Глава восьмая (1)
[1] [2] [3] [4]– Бросьте, у каждой науки – свой язык.
– Однако же, есть наука, а есть – “созерцание стены”, брат.
– Или еще лучше: есть физика, а все остальное – коллекционирование марок.
– Попрошу не касаться коллекционирования марок! Филателия – это святое.
– …Я давеча полистал Ясперса – “Философскую автобиографию” – и ничего, ну ничегошеньки оттуда полезного не почерпнул. Кроме того, что Хайдеггер был, оказывается, нацистом. Откуда немедленно следует: в каждом море Ума обязательно найдутся острова Глупости. Но это я, положим, знал и раньше…
– Не Глупости, а Гнусности.
– Брось. Какая в данном случае разница?
– Не говори, брат! Еще какая. Как между карьерным дипломатом и карьерным самосвалом.
– Все равно: есть наука, а есть – “созерцание стены”.
– …Это Гильберт, кажется, сказал про какого-то бедолагу: “У него не хватило воображения для математики, и он стал поэтом”. Погорячился великий человек. Тут дело ведь не в количестве воображения, а в качестве. Это все равно, что сказать про Беккенбауэра: у него не хватило силенок, чтобы стать тяжелоатлетом, и он пошел в футболисты…
– А кто такой Беккенбауэр?
– О боже! С кем мне здесь приходится общаться!

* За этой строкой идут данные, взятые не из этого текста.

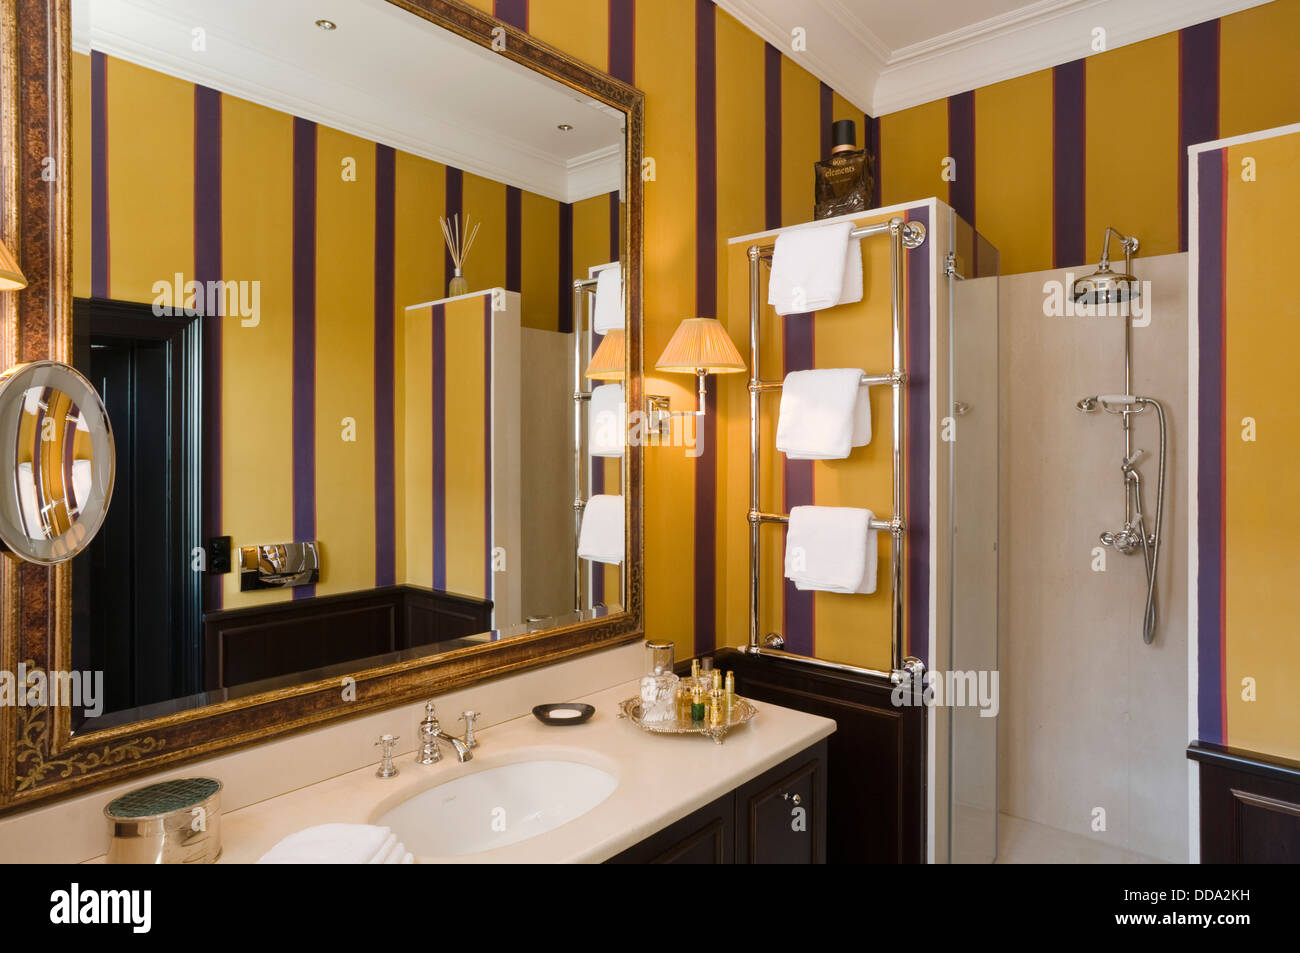 Gentleman's en suite bathroom with shower and wallpapered walls Stock Photo

– Я давеча в одном доме уговаривал тараканов. Девчушка. Лет шестнадцати, очаровательная, как умывающийся котенок. Я стал ее клеить. Вижу – не врубается. Я спрашиваю: “Вы что, не знаете, кто такой Брэдбери?” “Знаю, – говорит, – психиатр”…
Галдели, впрочем, не все. Тенгиз по-прежнему оставался мрачен и молчалив. Глотал охлажденную водку, запивал минералкой, совсем не закусывал, только смотрел в пустую тарелку, а когда поднимал глаза, выпуклые, мрачные, с тяжелыми красными веками, мало кто выдерживал этот взгляд – неуютно становилось и зябко и хотелось сделать вид, что никакого этого взгляда не было, просто маленькое недоразумение возникло, а сейчас вот все разрешится и разъяснится наилучшим образом. И красив он был – страшен и великолепен одновременно, словно врубелевский демон. “Красавец и здоровляга, и уж наверное не еврей…” Дрянь дело, думал Богдан, поглядывая на него украдкой. Видимо, совсем ничего не получается. Видимо, кусок этот нам совсем уж не по зубам. А может быть, у него просто что-нибудь опять не ладится с княгиней Ольгой?.. Впрочем, княгиня просто терпеть не может нашу Маришку, вот почему ее здесь нет. И не надо. Господь с ней, без нее даже лучше…
А Маришка была, как всегда, очаровательна (словно умывающийся котенок). Васильковые глаза. Грудной, с хрипотцой голос. И чудный смех, которым она награждала, словно орденской лентой. Своих дорогих паршивцев. Своих любимых мальчиков. Она точно знала, что мальчики не подведут. Никогда не подводили и теперь не подведут. А если кто-то дрогнет, она тут же окажется рядом и подставит плечо. Или улыбнется ему. Или просто скажет: я здесь… Откуда в ней эта непостижимая вера в нас? Ведь мы же, на самом деле, абсолютно бессильны перед мерзостью, перед любой злобной силой. Я не говорю уж про гангстеров и про сексотов – перед обыкновенным хулиганьем бессильны! Вот ты, Благоносец хренов, – можешь ты отбиться от пары гопников? Дать в рыло? Заехать гаду по яйцам? Зла ведь никогда у меня на это не хватает. А она все равно в нас верит. И эта вера, она так дорого стоит, что ее почти уже невозможно приобрести. Как любовь. Как здоровье. Как талант. Неужели мы и в самом деле лучше, чем выглядим?.. “В конце концов, все зависит только от нас самих!..” Увы. В том-то и дело. Я бы предпочел, чтобы все зависело от кого-нибудь ненадежнее…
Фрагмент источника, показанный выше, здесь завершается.